● **Work required**
When you copy the data, keep every line exactly as written and skip the pictures.

──────── Recorded information

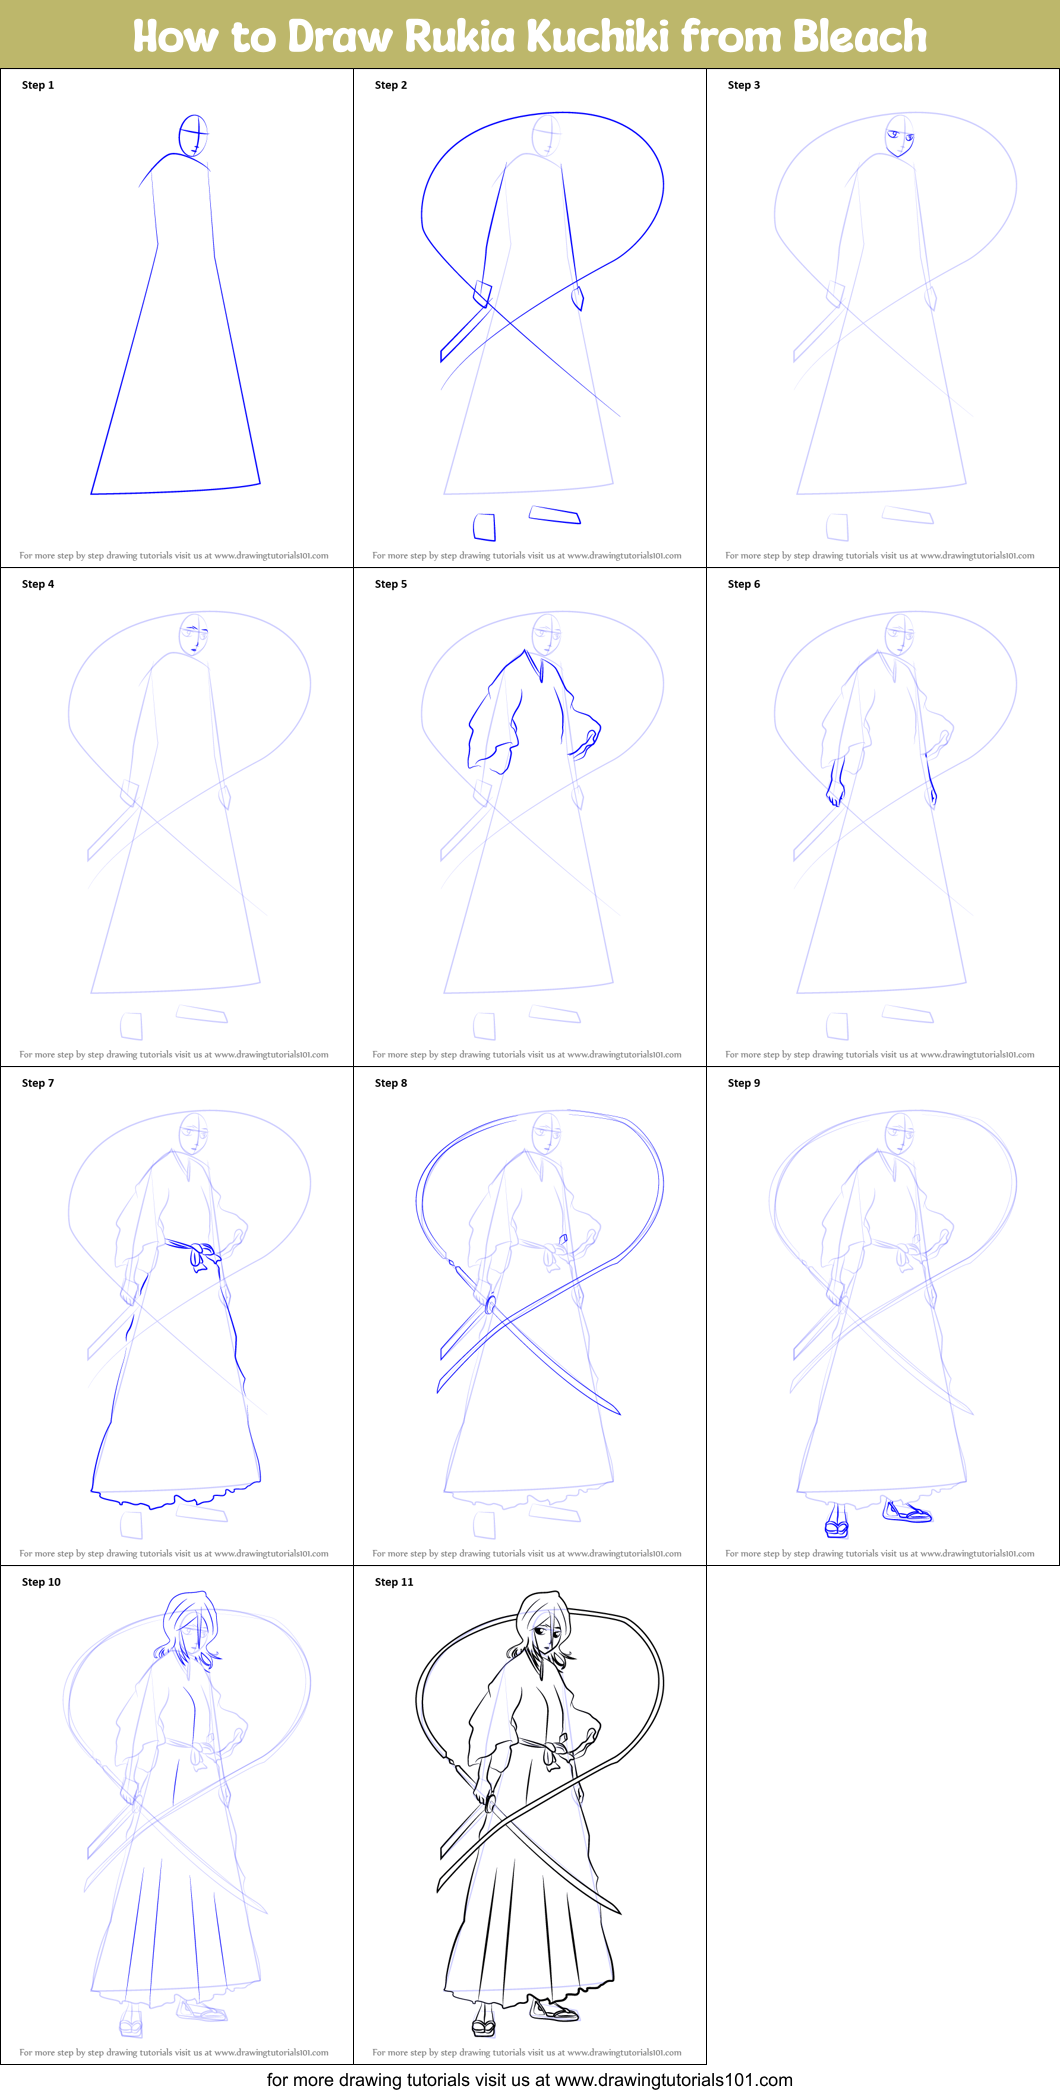 Download How to Draw Rukia Kuchiki from Bleach printable step by step drawing sheet : DrawingTutorials101.com
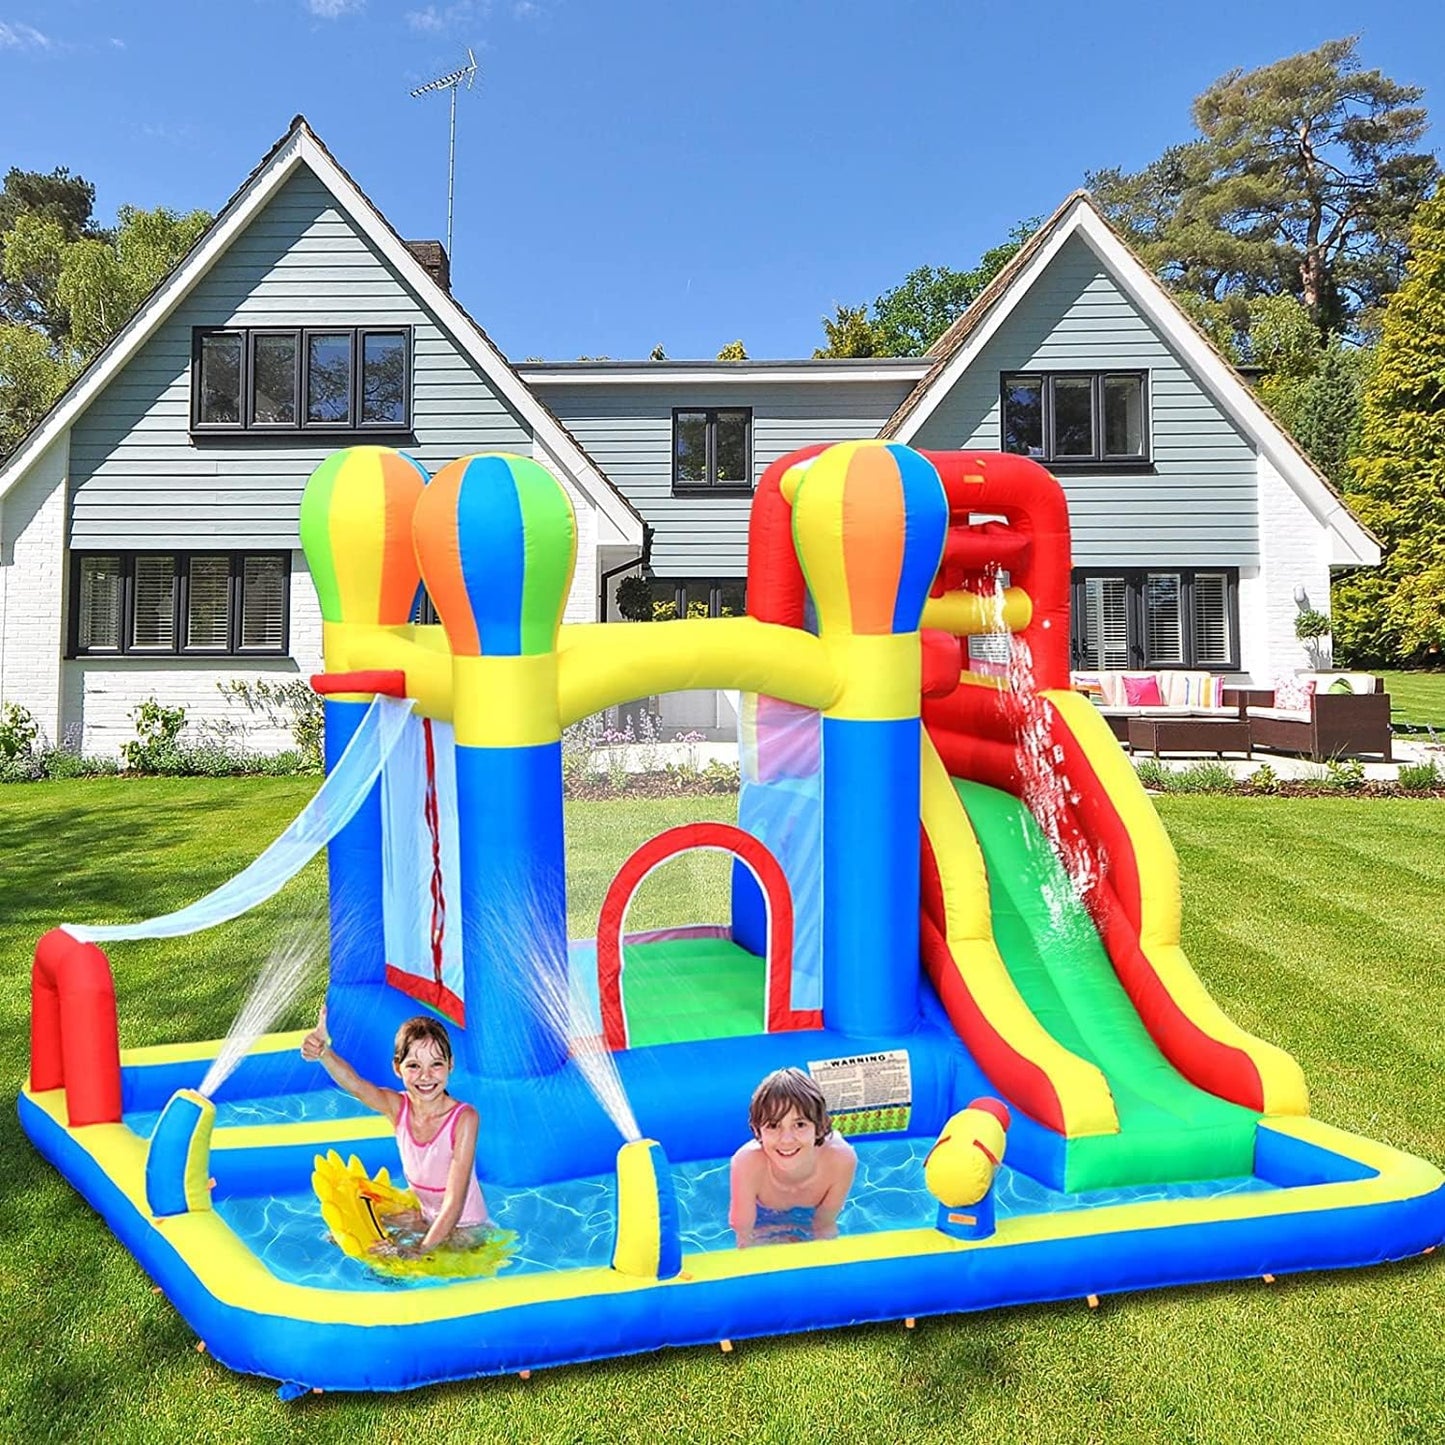 Ballsea Bouncy Castle, Inflatable Bounce Castle House with Blower for Kids Age 3-8, Sweet House Design 3.35 x 2.8 x 2.06m
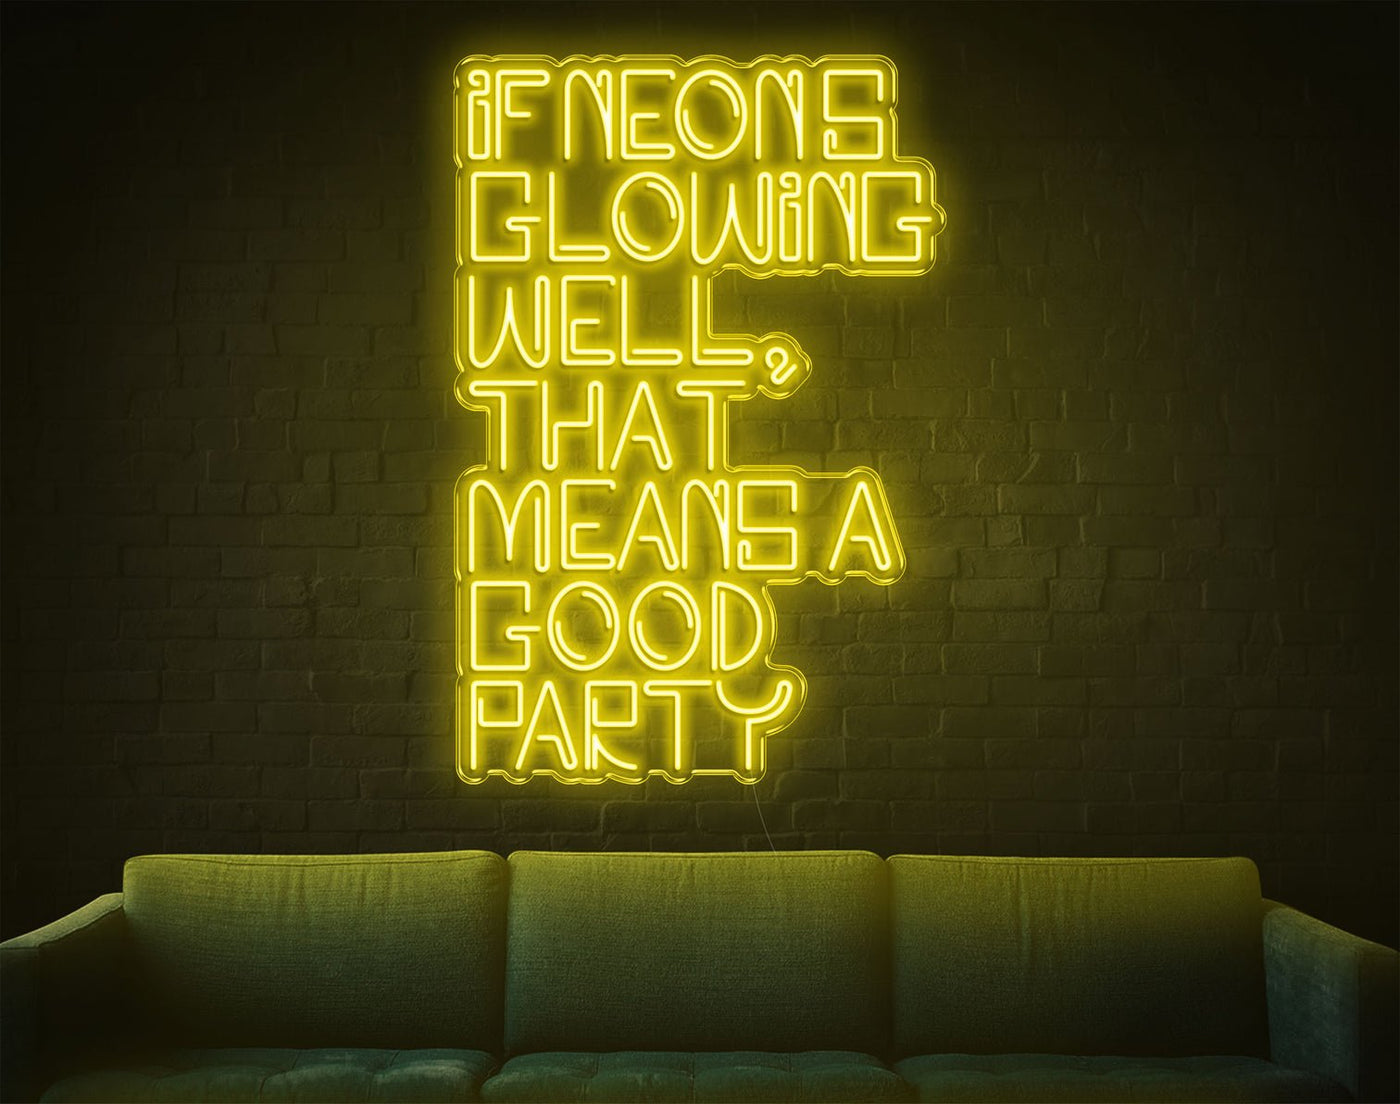 If Neons Glowing Well That Means A Good Party LED Neon Sign - 41inch x 28inchYellow

────────────────

● **Answer for this exercise**
 Download How to Draw Rukia Kuchiki from Bleach printable step by step drawing sheet : DrawingTutorials101.com
 Ballsea Bouncy Castle, Inflatable Bounce Castle House with Blower for Kids Age 3-8, Sweet House Design 3.35 x 2.8 x 2.06m
 If Neons Glowing Well That Means A Good Party LED Neon Sign - 41inch x 28inchYellow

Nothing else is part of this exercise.